A radar echo is not a single particle. It is an integral over the particle size distribution (PSD):

\[ Z_{hh} = \frac{\lambda^4}{\pi^5 |K_w|^2} \int |S_{hh}(D)|^2 \, N(D)\, dD. \]

rustmatrix.psd.PSDIntegrator precomputes the amplitude matrix \(\mathbf{S}(D)\) and phase matrix \(\mathbf{Z}(D)\) on a grid of diameters (done once per scatterer, in parallel Rust), then evaluates arbitrary PSD shapes against the cached table — so changing a gamma shape parameter is free after the first integration. See [Bringi and Chandrasekar, 2001] for the observable definitions and the PSD background page for the analytical forms.

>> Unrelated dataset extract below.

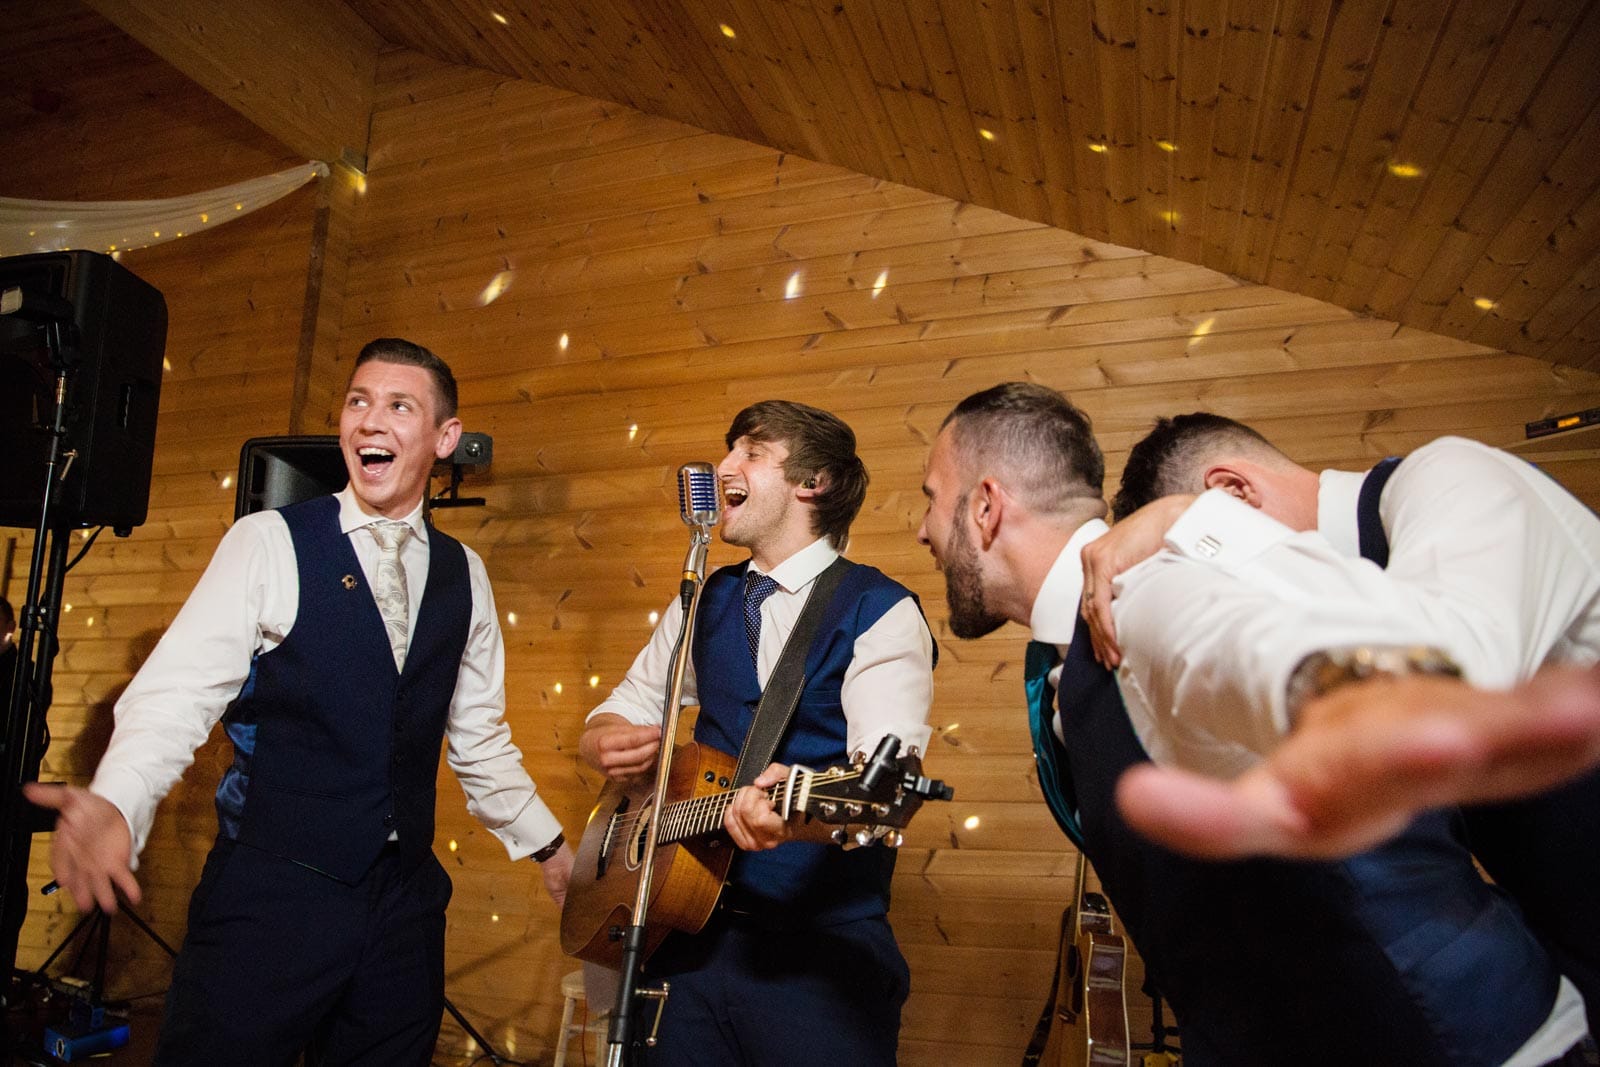 groomsmen singing during the reception at styal lodge wedding venue

What rustmatrix inherits from pytmatrix#

The numerical T-matrix core is a faithful port of the Mishchenko/Leinonen FORTRAN implementation [Mishchenko and Travis, 1998] that pytmatrix also wraps — same quadrature scheme, same orientation-averaging formulation, same drop- shape tables. What changes is how the core is executed: Rust + rayon in place of Fortran + GIL-bound Python glue. The parity tutorial shows the T-matrix-at-sphere agreement with closed-form Mie to ~1e-4.

Further reading#

[BC87]

K. V. Beard and C. Chuang. A new model for the equilibrium shape of raindrops. Journal of the Atmospheric Sciences, 44(11):1509–1524, 1987. doi:10.1175/1520-0469(1987)044<1509:ANMFTE>2.0.CO;2.

[BC01] (1,2)

V. N. Bringi and V. Chandrasekar. Polarimetric Doppler Weather Radar: Principles and Applications. Cambridge University Press, 2001.

[Hon13]

R. Honeyager. Investigating the use of the T-matrix method as a reasonable approximation to the scattering behavior of aggregate snowflakes. PhD thesis, Colorado State University, 2013.

[MT98] (1,2)

M. I. Mishchenko and L. D. Travis. Capabilities and limitations of a current FORTRAN implementation of the T-matrix method for randomly oriented, rotationally symmetric scatterers. Journal of Quantitative Spectroscopy and Radiative Transfer, 60(3):309–324, 1998. doi:10.1016/S0022-4073(98)00008-9.

[MTL02]

M. I. Mishchenko, L. D. Travis, and A. A. Lacis. Scattering, Absorption, and Emission of Light by Small Particles. Cambridge University Press, 2002.

[PB70]

H. R. Pruppacher and K. V. Beard. A wind tunnel investigation of the internal circulation and shape of water drops falling at terminal velocity in air. Quarterly Journal of the Royal Meteorological Society, 96(408):247–256, 1970. doi:10.1002/qj.49709640807.

[RN18]

R. M. Rauber and S. W. Nesbitt. Radar Meteorology: A First Course. Wiley, 2018. doi:10.1002/9781118432662.

[THB+07]

M. Thurai, G. J. Huang, V. N. Bringi, W. L. Randeu, and M. Schönhuber. Drop shapes, model comparisons, and calculations of polarimetric radar parameters in rain. Journal of Atmospheric and Oceanic Technology, 24(6):1019–1032, 2007. doi:10.1175/JTECH2051.1.

[Wat71]

P. C. Waterman. Symmetry, unitarity, and geometry in electromagnetic scattering. Physical Review D, 3(4):825–839, 1971. doi:10.1103/PhysRevD.3.825.